All living organisms’ survival is dependent on their ability to avoid danger and seek rewards. The olfactory sense appears to be especially important in humans for detecting and reacting to potentially harmful stimuli.

It has long been unknown which neural mechanisms in humans are involved in the conversion of an unpleasant odor into avoidance behavior. One reason for this is a lack of non-invasive methods of measuring signals from the olfactory bulb, the first part of the rhinencephalon (literally “nose brain”) with direct (monosynaptic) connections to the important central nervous system parts that help us detect and remember potentially dangerous situations and substances.

Researchers at Karolinska Institutet have now developed a method for measuring signals from the human olfactory bulb, which processes smells and transmits signals to parts of the brain that control movement and avoidance behavior.

Their findings are based on three experiments in which participants were asked to rate their experiences with six different smells, some positive and some negative, while the electrophysiological activity of the olfactory bulb was measured when responding to each of the smells.

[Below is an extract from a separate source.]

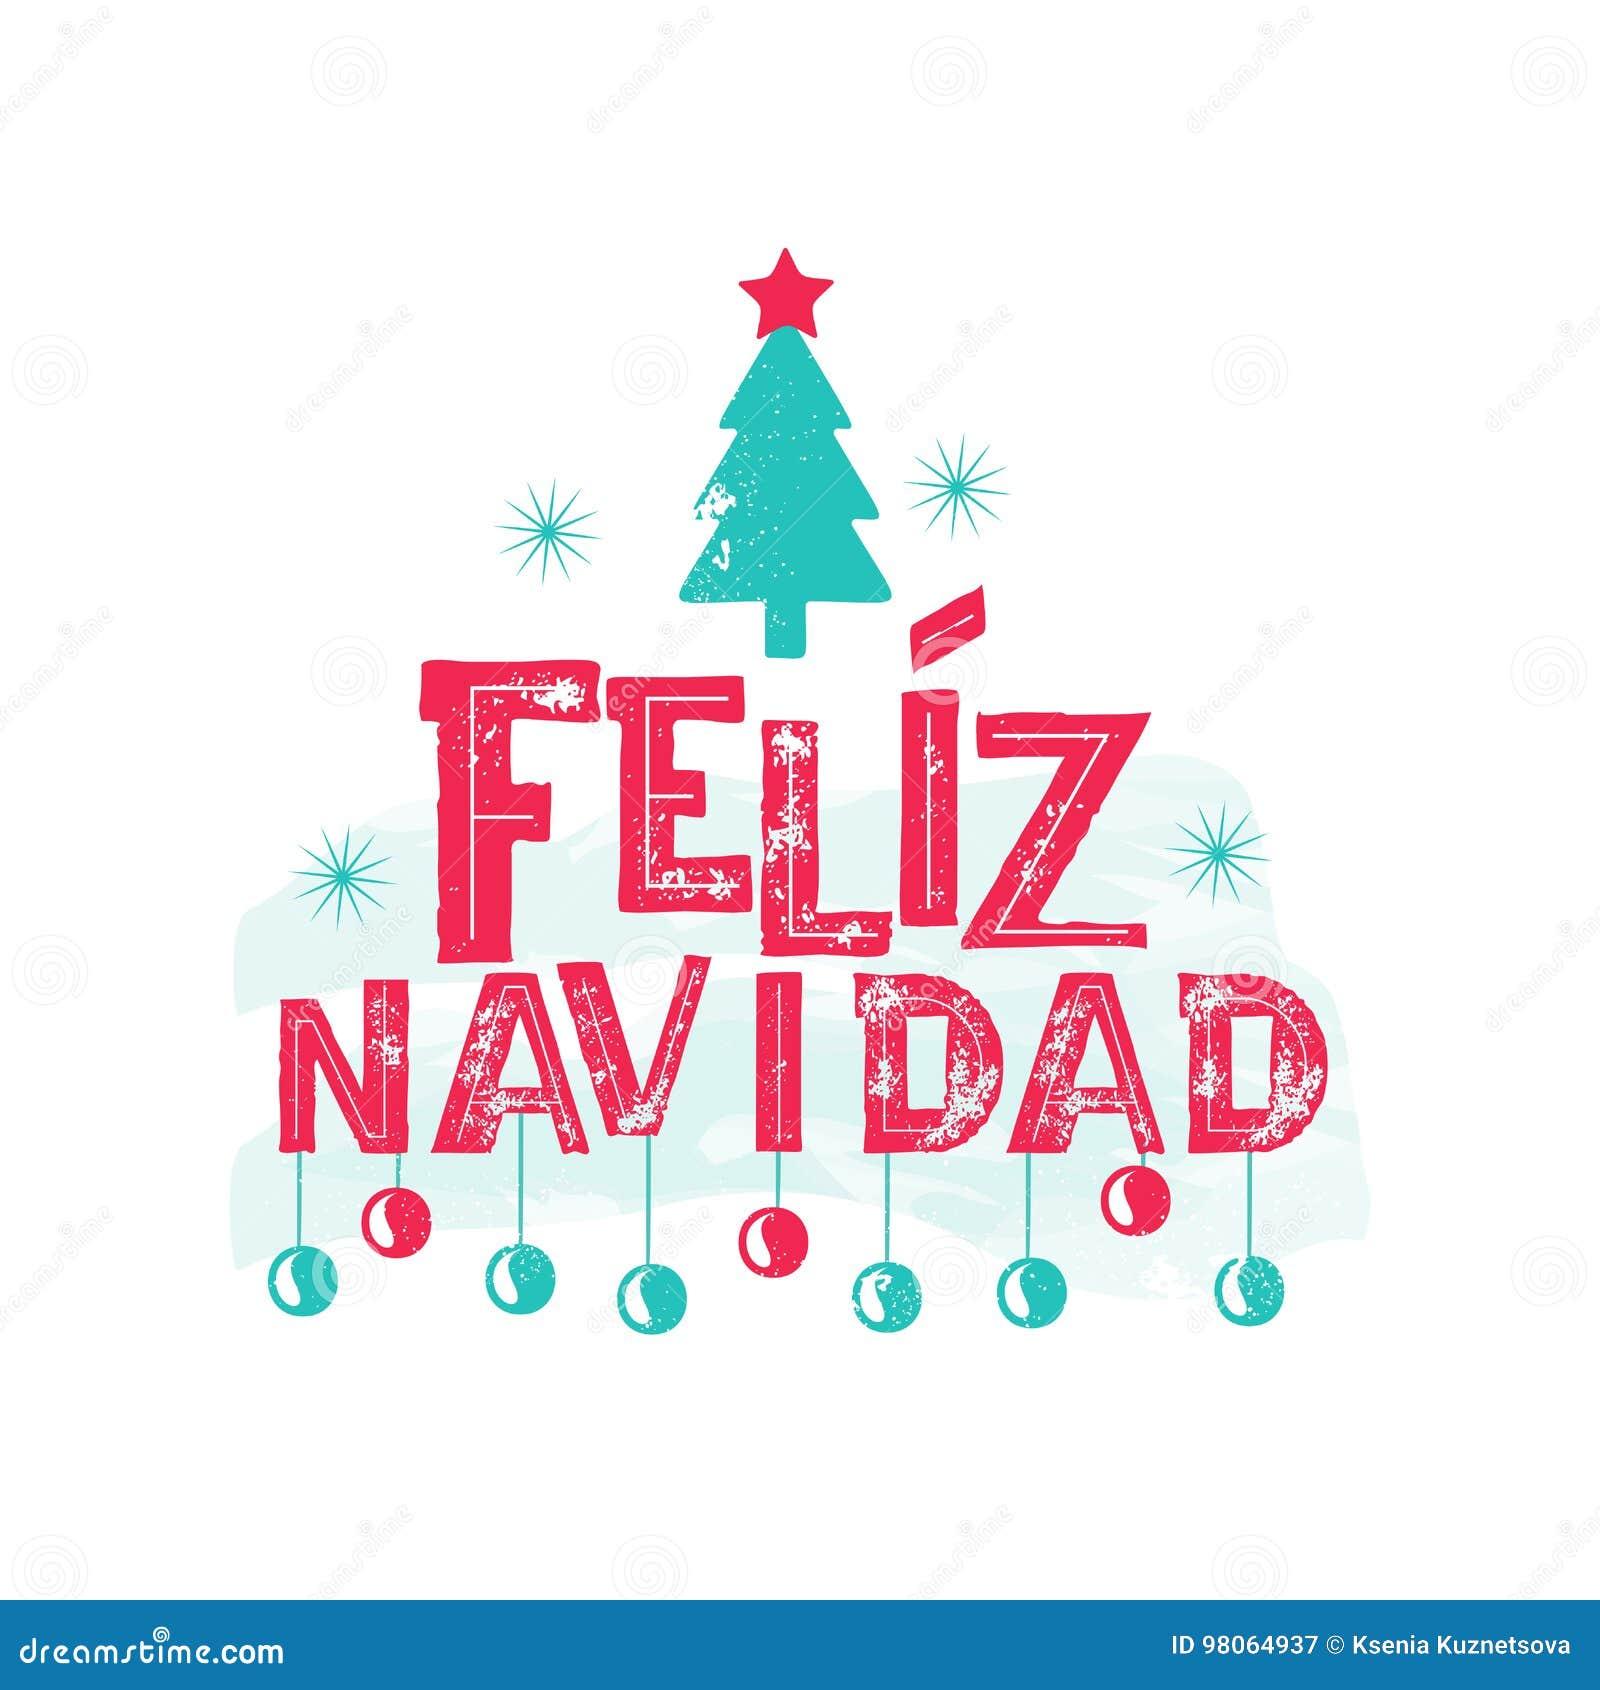 Feliz Navidad Joyeux Noel 2019.Feliz Navidad Langue Espagnole De Joyeux Noel Illustration

“It was clear that the bulb reacts specifically and rapidly to negative smells and sends a direct signal to the motor cortex within about 300 ms,” says Johan Lundström, associate professor at Karolinska Institutet’s Department of Clinical Neuroscience. “The signal causes the individual to lean back and away from the source of the odor.”

He continues:

“The findings suggest that our sense of smell is important to our ability to detect dangers in our immediate surroundings, and that much of this ability is more unconscious than our response to danger mediated by our senses of vision and hearing.”

The Knut and Alice Wallenberg Foundation, the National Institute on Deafness and Other Communication Disorders, and the Swedish Research Council all contributed to the study’s funding. There have been no reports of conflicts of interest.

The entire process from detection to movement as a touch faster has been measured in research on visual and auditory reaction time; roughly 150 milliseconds for a reaction to sound and under 200 milliseconds for sight. While it may take us a little longer to react to a bad smell, it could take much longer if our olfactory bulb wasn’t already separating the signal.